2012年08月11日

少年兵 ベトナムから来た男

  「店を休業させて放っておくと、恐怖のグーグル大王が降ってきて大惨事がもたらされる」
 WEBに詳しい友人にきつく言われたので、たまにブログや商品欄を更新します。悪くするとリンボー行きになって戻れなくなるらしい。
 
 そういうわけで、今日は「こんな人生でも自由に生きられるのはラッキー」という前向きなのか、そうでもないのかよくわからない内容の駄文です。ただし長い!開いただけで読む気がなくなりそうだ。止めようかとも思ったが、もう書いたものだから載せます。時間を返せとかはなしで。

 筆者がアメリカに来たばかりの頃にタイ料理屋でウェイターのバイトをしていた時の話。そこにはJという30代のベトナム人のコックがいた。よく笑う陽気な男で、休憩時間になると仲間に手品を見せたり、冗談を言って笑わせたりしていた。時には、ベトナムの料理を見せるといって、自分で持ってきた麺と店の食材を使ってフォー(ライスヌードルスープ)を作ることもあった。化学調味料をどんどん入れるのが本場の露天のフォーだと言って笑っていた。
 ちなみにアメリカのチェーン系ベトナムレストランで出てくるフォーには大体の店では大量の化学調味料が使われていて、独特の舌の根元にへばりつく旨み感と食後の喉カラカラ感が味わえる。薬の力なのか中毒性があって、たまに無性に食べたくなるときがある。チャイニーズのテイクアウトチェーンも同様の魔力を持っているが、どの店でも「化学調味料一切なし」のメッセージが店内に掲げられている。表示法の抜け道があるだけで、結局は同じ物をバンバン振りかけているのだ。筆者がバイトしていた店でも専用の化学調味料部屋に多種類がラベルを貼られて管理されていた。客がその有無を聞いてきたら、もちろん笑顔で『No!!』

少年兵 ベトナムから来た男



 脱線したが、Jはそのうちに相棒とベトナムレストランを出すと言っていて、よく自分のビジネスプランについて語っていた。時には日本でやったら儲かるのかと真剣に聞いてくることもあった。筆者はJと特別に親しかった分けではなかったが、暇なときに一緒になると話を色々する相手だった。
 
 ある日、筆者とJ他数人が裏で休んでいると、誰かが雑誌の中程のガンの広告ページを見てあれこれと言いはじめた。ライフルやハンドガンが沢山載っているページだった。その時にJが極自然にAK型のライフルをさして、これは良い銃だと言った。すかさず誰かが何で分かるのかと聞くと、Jはそれを使っていたからと答え、当時の話をはじめた。

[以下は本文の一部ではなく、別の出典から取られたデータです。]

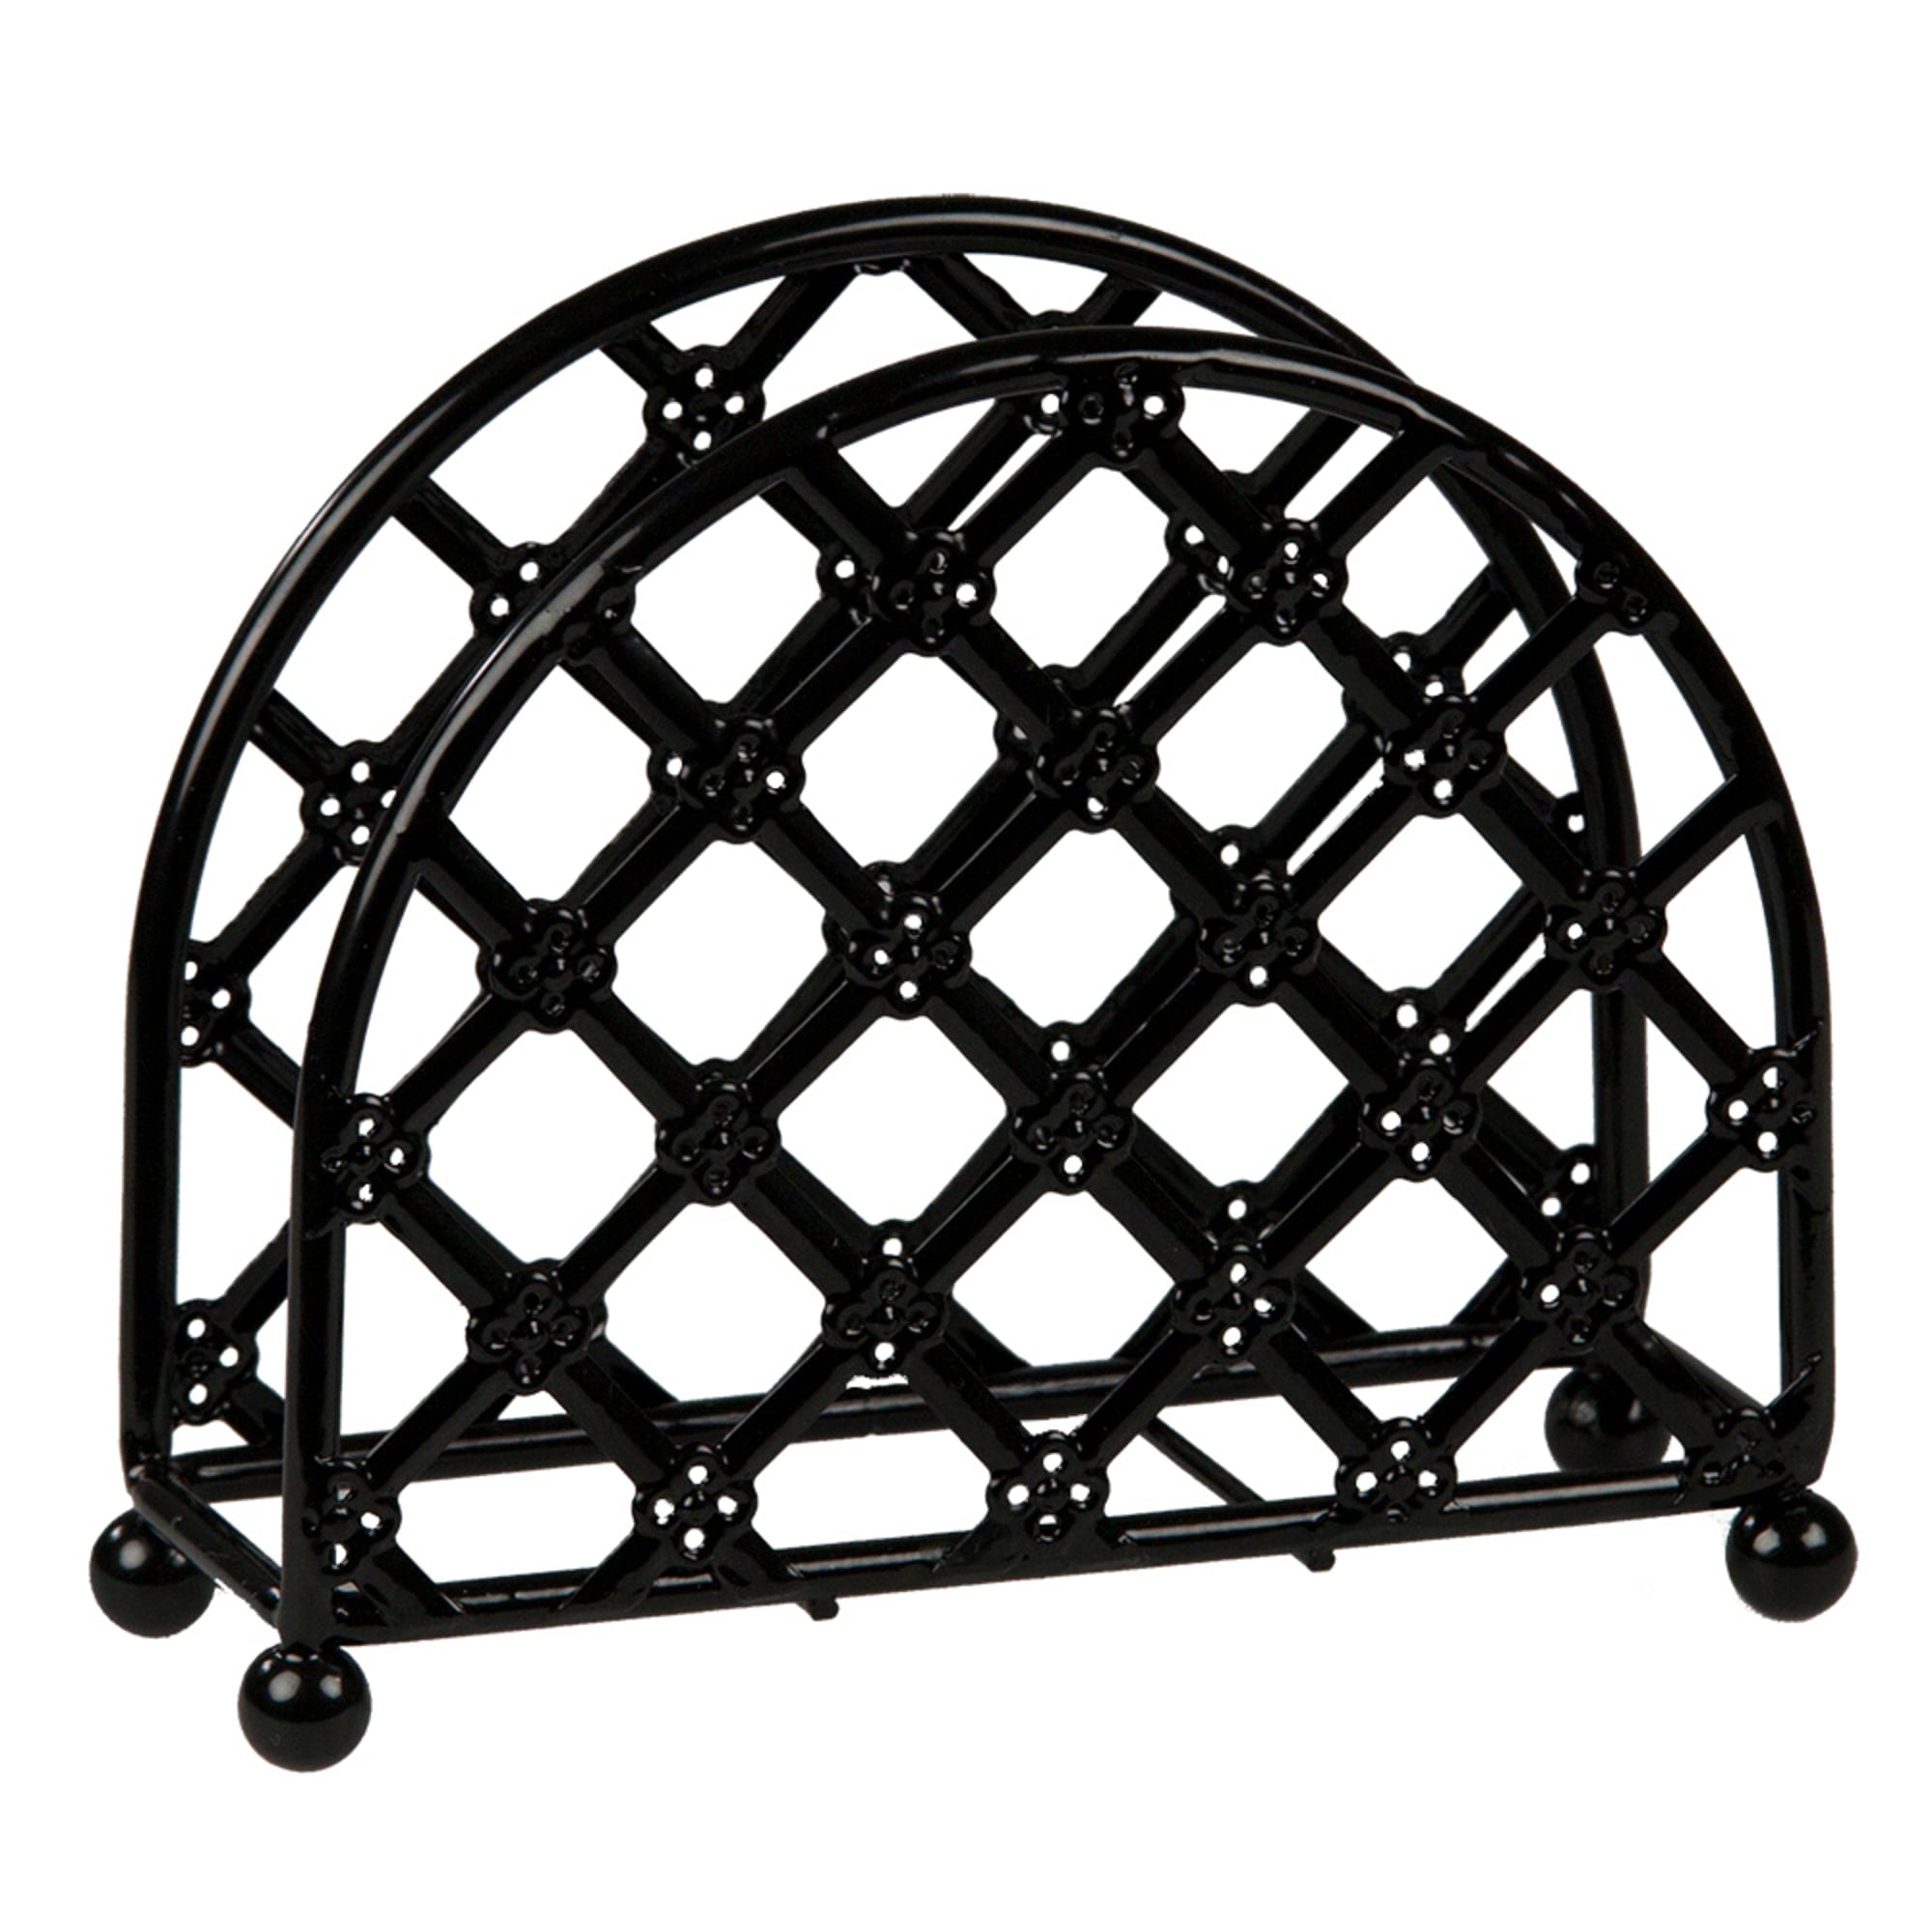 Home Basics Lattice Collection Free-Standing Napkin Holder, Black $4.00 EACH, CASE PACK OF 12
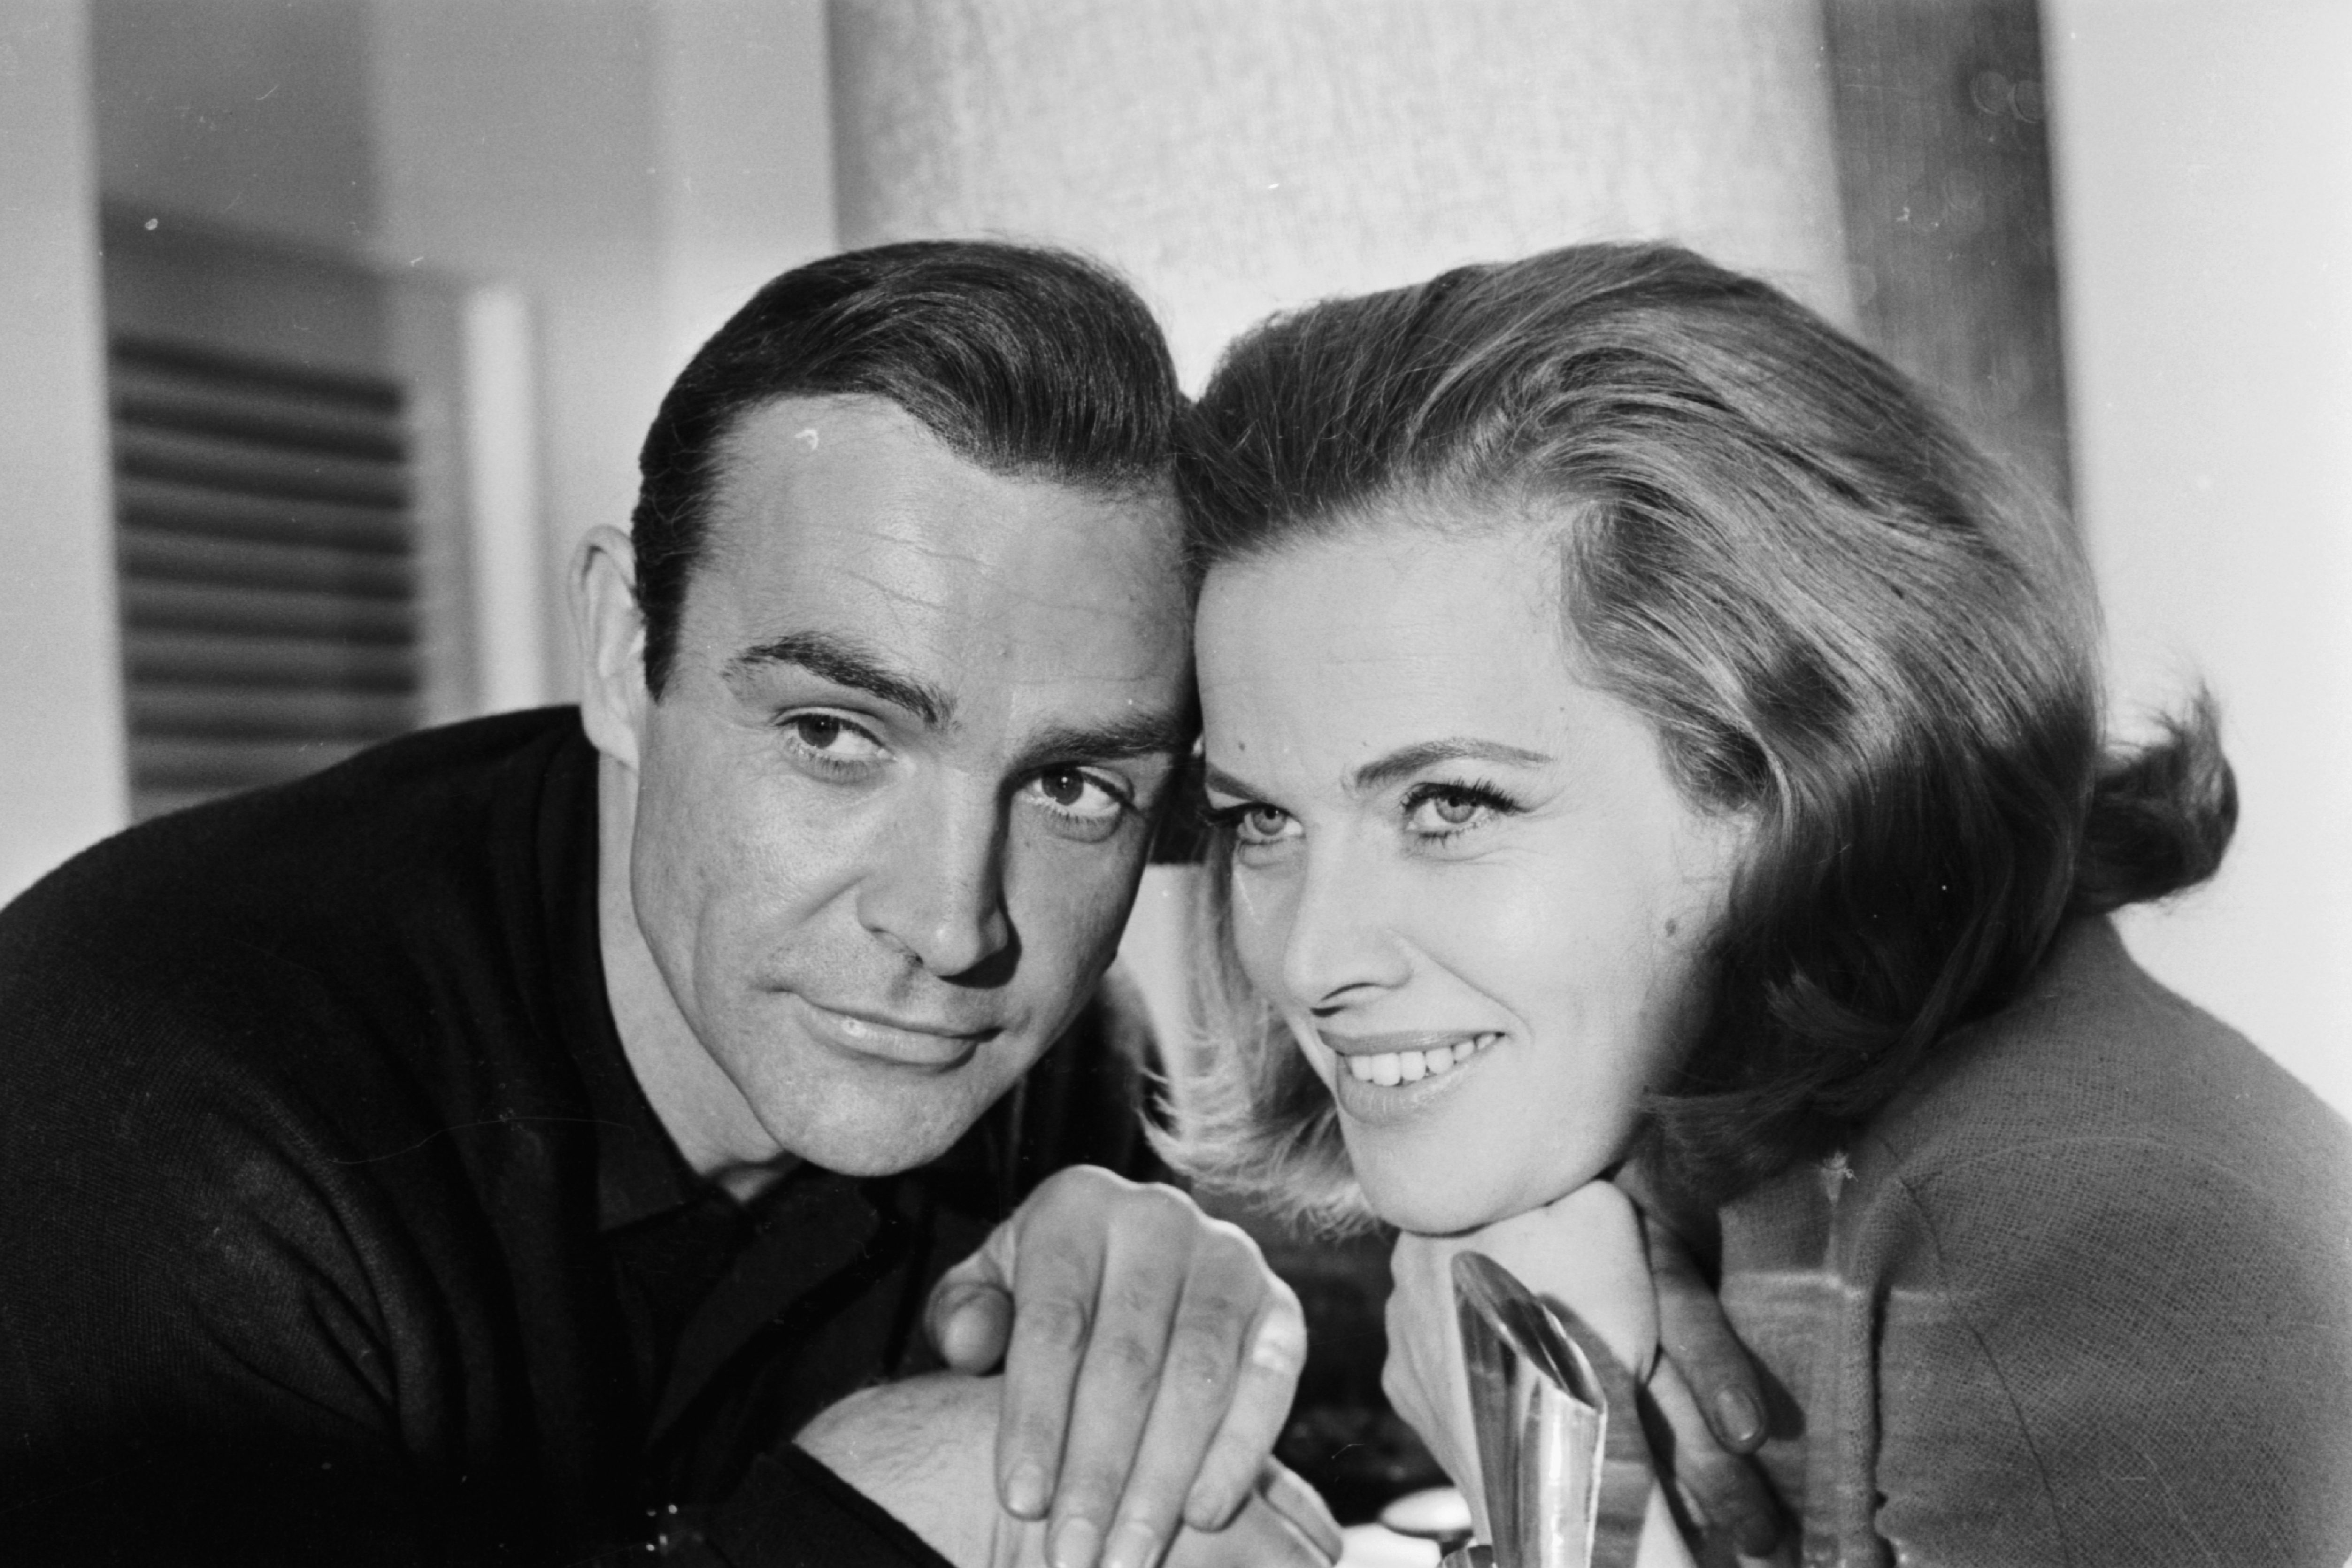 A black and white photo of Sean Connery (James Bond) and Honor Blackman (Pussy Galore) promoting the film "Goldfinger" in 1964

 70年代終わりから80年代末まで続いたベトナムと隣国カンボジアの戦争(書くために調べた、覚えてません)。ベトナム戦争で親を無くした14歳のJは少年兵として部隊に参加。カンボジア領内(当時ベトナム占領下)のジャングルに入り、4年か5年を反ベトナム勢力との戦いで過ごしたという。AKはその時の経験からで、壊れなくて一番良い銃だったそうだ。戦闘そのものは毎日あるようなものではなく、主に移動や集落での補給で時間がすぎる。Jのように正規の兵隊ではないが参加している子供は他にも沢山いたという。顔ぶれは多少変わるが、行動は大体見知った者同士のグループであった。
 その中にJを気に入って特に面倒を見てくれる大人の兵士がいて、いつもの手品はこの兵士が教えてくれたものだった。その兵士はある日別のグループと行動したまま戻らず、後に戦死したことを聞かされたという。アホというか素直なウェイターの一人がJに人を殺したのかとモロな質問をすると、皆で撃ちまくるから誰の弾が当ったのかは分からないと答えていた。
 その時以降は特に同じ話題になることもなく、筆者も深くは聞かなかった。両親と親代わりの兵士を亡くし、沢山の血なまぐさい現場を見てきたら、きっと思い出したくないことばかりだろう。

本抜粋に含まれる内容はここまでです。